Photodissociation ofH2+andD2+: Experiment

Abstract

Measurements are reported of the cross sections for photodissociation of ${\mathrm{H}}_2^{+}$ and ${\mathrm{D}}_2^{+}$ at 21 wavelengths ranging from 2472 to 13 613 Å. The measurements are compared with theory using normalized Franck-Condon factors for the vibrational populations of the ions. Deviations are found, which are interpreted as a failure of this latter approximation. A least-squares analysis of the data yields vibrational-state populations different from simple Franck-Condon factors and alleged to be those characteristic of high-energy electron-impact ionization of ${\mathrm{H}}_2$ and ${\mathrm{D}}_2$. Interpretation of the data using a mechanism requiring that a fraction of the ions formed by electron impact be generated via the autoionization channel can qualitatively lead to the observations of this experiment.
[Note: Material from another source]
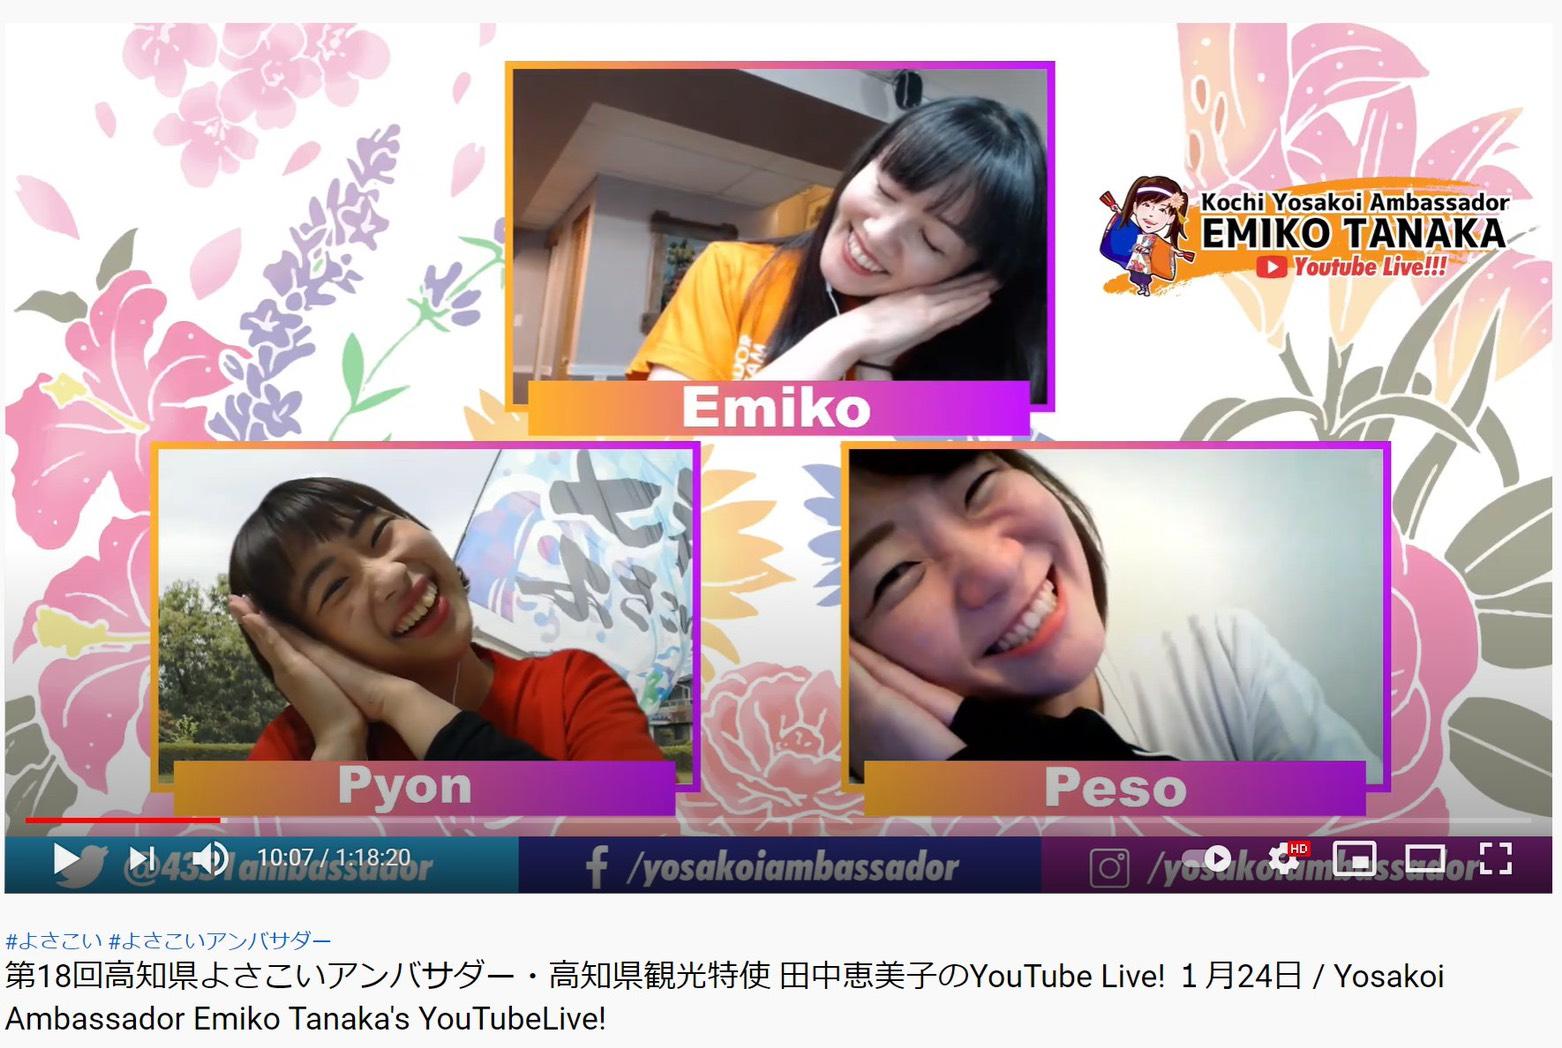 高知県よさこいアンバサダー・高知県観光特使 田中恵美子のYouTube Live!

However, such an explanation would require about $\frac{2}{3}$ of all ${\mathrm{H}}_2^{+}$ and ${\mathrm{D}}_2^{+}$ to be formed via autoionization—a seemingly unrealistic requirement. Interpretation of the data in terms of a variation with internuclear separation of the electronic matrix element involved in the electron-impact ionization process shows that a matrix element varying as $Q_e\left(\mathcal{r}\right)=1+0.56\mathrm{}{({\mathcal{r}}_{\mathrm{a}.\mathrm{u}.\mathrm{}}-0.99)}^2$ can lead to the experimentally deduced populations of both ${\mathrm{H}}_2^{+}$ and ${\mathrm{D}}_2^{+}$. This latter interpretation is favored, though one cannot rule out the former or some combination of the two. The data and interpretation are consistent with other related experiments.